Back in February and March I wrote a series of blog entries explaining how to use the various profile requests in the new Data Profiling Task that is coming in SSIS 2008. All of those blog entries explained how to profile some data and analyse it offline using the Data Profile Viewer which is all well and good but quite often you need to use the results of the data profile later in the package, perhaps in a conditional precedence constraint. That is what this blog entry is intended to address.
Fundamentally you need to to extract some information from the data profiling output and given that that output is an XML Document we are going to require the use of the XML Task. Here is the profile output after running the Column Null Ratio profile request.
<?xml version="1.0"?>
<DataProfile xmlns:xsi="http://www.w3.org/2001/XMLSchema-instance" xmlns:xsd="http://www.w3.org/2001/XMLSchema" xmlns="http://schemas.microsoft.com/sqlserver/2008/DataDebugger/">
<DataSources>
<DtsDataSource ID="LocalHost.AdventureWorks" Name="LocalHost.AdventureWorks">
<DtsConnectionManagerID>LocalHost.AdventureWorks</DtsConnectionManagerID>
</DtsDataSource>
<DtsDataSource ID="LocalHost.AdventureWorks1" Name="LocalHost.AdventureWorks1">
<DtsConnectionManagerID>LocalHost.AdventureWorks1</DtsConnectionManagerID>
</DtsDataSource>
<DtsDataSource ID="profile_output.xml" Name="profile_output.xml">
<DtsConnectionManagerID>profile_output.xml</DtsConnectionManagerID>
</DtsDataSource>
</DataSources>
<DataProfileInput>
<ProfileMode>Exact</ProfileMode>
<Timeout>0</Timeout>
<Requests>
<ColumnNullRatioProfileRequest ID="NullRatioReq">
<DataSourceID>LocalHost.AdventureWorks1</DataSourceID>
<Table Schema="Person" Table="Contact" />
<Column IsWildCard="false" ColumnName="MiddleName" />
</ColumnNullRatioProfileRequest>
</Requests>
</DataProfileInput>
<DataProfileOutput>
<Profiles>
<ColumnNullRatioProfile ProfileRequestID="NullRatioReq" IsExact="true">
<DataSourceID>LocalHost.AdventureWorks1</DataSourceID>
<Table DataSource="." Database="AdventureWorks" Schema="Person" Table="Contact" RowCount="19972" />
<Column Name="MiddleName" SqlDbType="NVarChar" MaxLength="50" Precision="255" Scale="255" LCID="1033" CodePage="0" IsNullable="true" StringCompareOptions="0" />
<NullCount>8499</NullCount>
</ColumnNullRatioProfile>
</Profiles>
</DataProfileOutput>
</DataProfile>
The important information here is this bit:
<NullCount>8499</NullCount>
That is the value that we need to extract out of the package and store in a variable within our package so that we can use it in an expression.

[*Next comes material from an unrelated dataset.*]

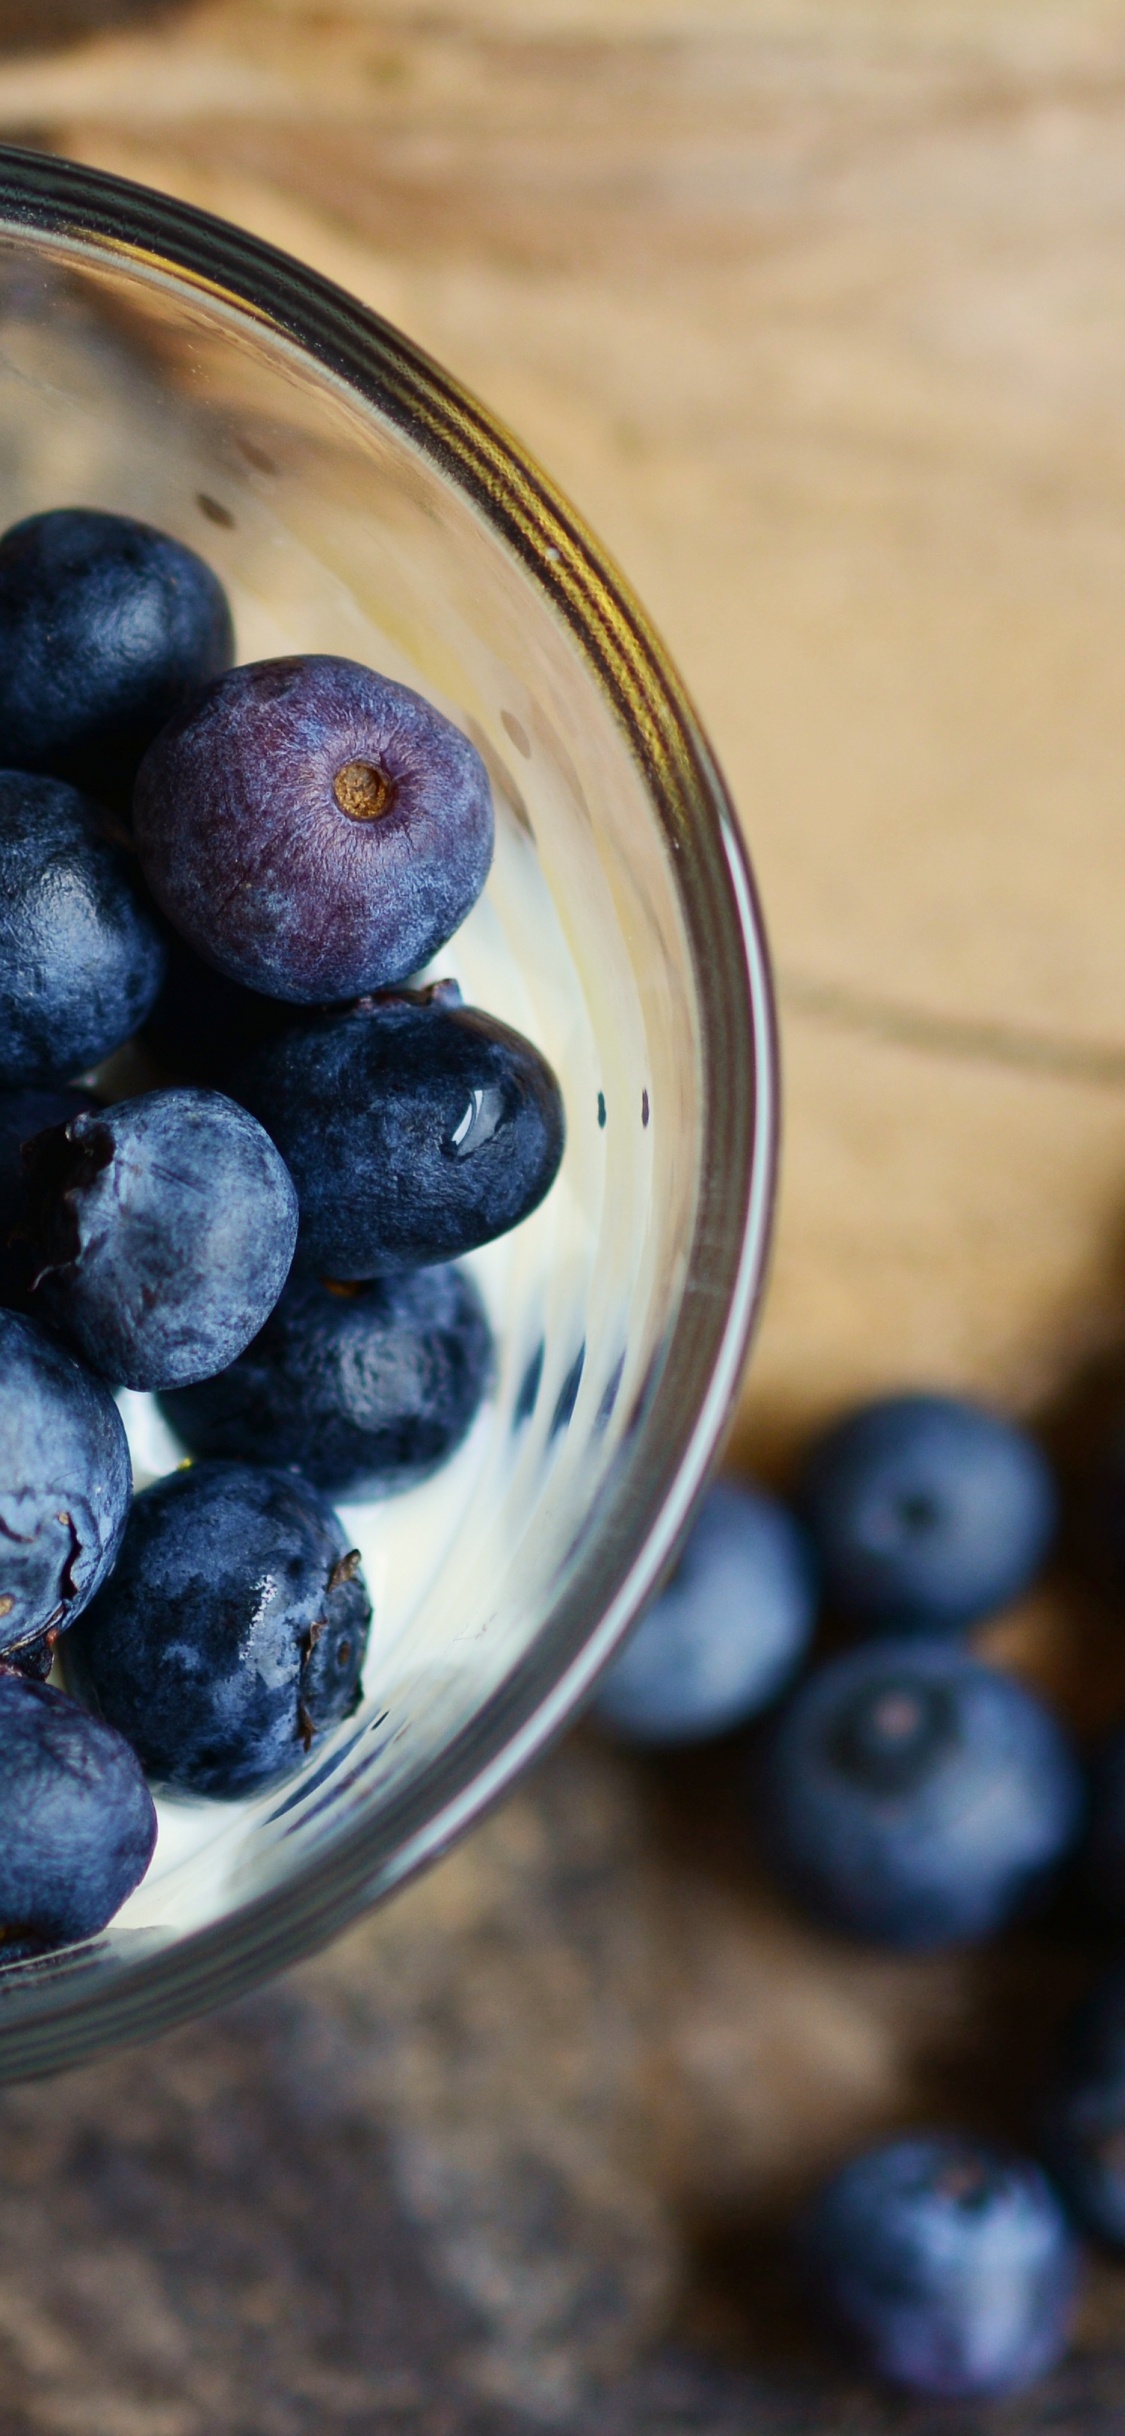 蓝莓, 食品, 梅斯皮诺亚, 营养, 健康 壁纸 1125x2436 允许

So, how do we do it? As I said earlier, we need to use the XML Task which can use an XPath expression to extract the data that we require. It would be nice if the following XPath expression worked:
/DataProfile/DataProfileOutput/Profiles[1]/ColumnNullRatioProfile/NullCount
But unfortunately it does not. The reason is that the XML above contains a namespace (http://schemas.microsoft.com/sqlserver/2008/DataDebugger/) that cannot be declared in the XML Task - this is a limitation of the XML Task. The workaround is to edit the XPath expression like so:
/*[local-name()='DataProfile']/*[local-name()='DataProfileOutput']/*[local-name()='Profiles' and position()=1]/*[local-name()='ColumnNullRatioProfile']/*[local-name()='NullCount']
Here we use the local-name() XSD extension function to return the non-qualified element that we are interested in. Take a moment to look at our new XPath expression and notice the similarities and differences between it and our original XPath expression. [Thanks to Matt Masson and David Noor from the SSIS product team for helping me out with this bit]

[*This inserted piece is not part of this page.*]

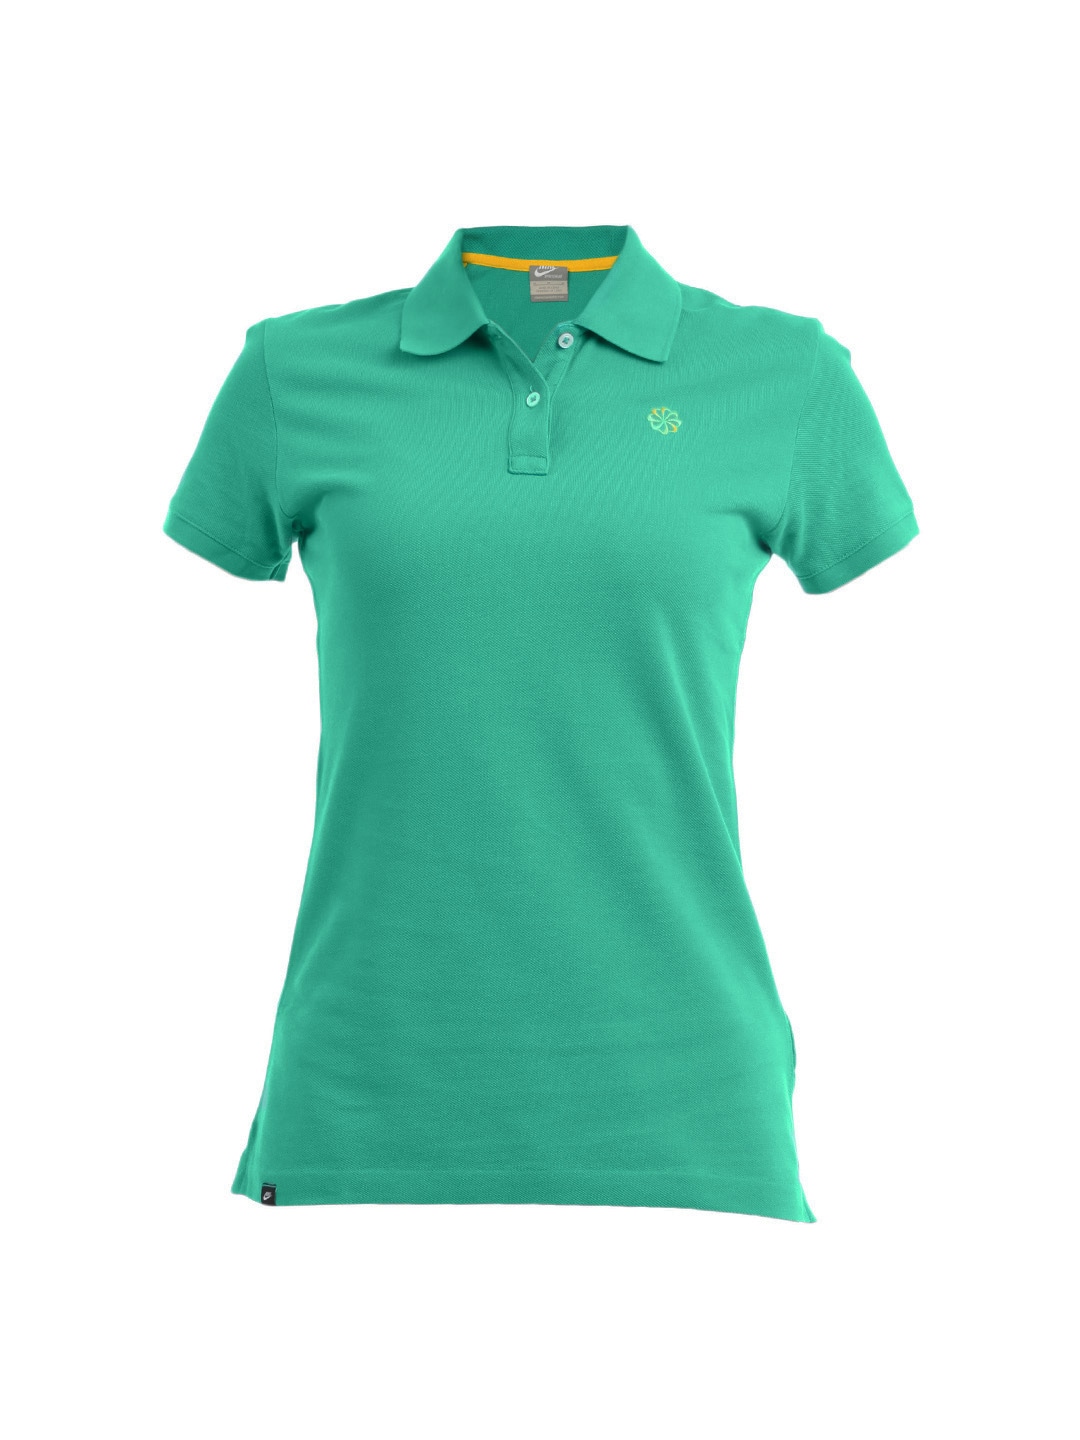 Nike Women Green T-shirt

So now we have the following tasks:
More importantly, let's try and understand how we have configured the XML Task:
That's really all there is to it. It is important to point out the pertinent property settings:
- OperationType = 'XPATH'
- SaveOperationResult = 'TRUE'
- SecondOperandtype = 'Direct input'
- SecondOperand = <XPath expression from above>
- PutResultInOneNode = 'False'
- XPathExpression = 'Values'
Also notice that we are storing the result in a variable called @[User::Result]
Here's a very short video of my running this (I have used a script task to output the parsed value):
Pretty easy really. if you have any questions let me know in the comments below.
This concludes my brief summary of parsing the output of the Data Profiling Task that is being introduced with SQL Server Integration Services 2008. For more posts in this series please refer to SSIS: Data Profiling Task: Part 1 - Introduction
-Jamie
Disclaimer: The information in this blog post is correct at the time of publication. It may have changed before SQL Server 2008 is released.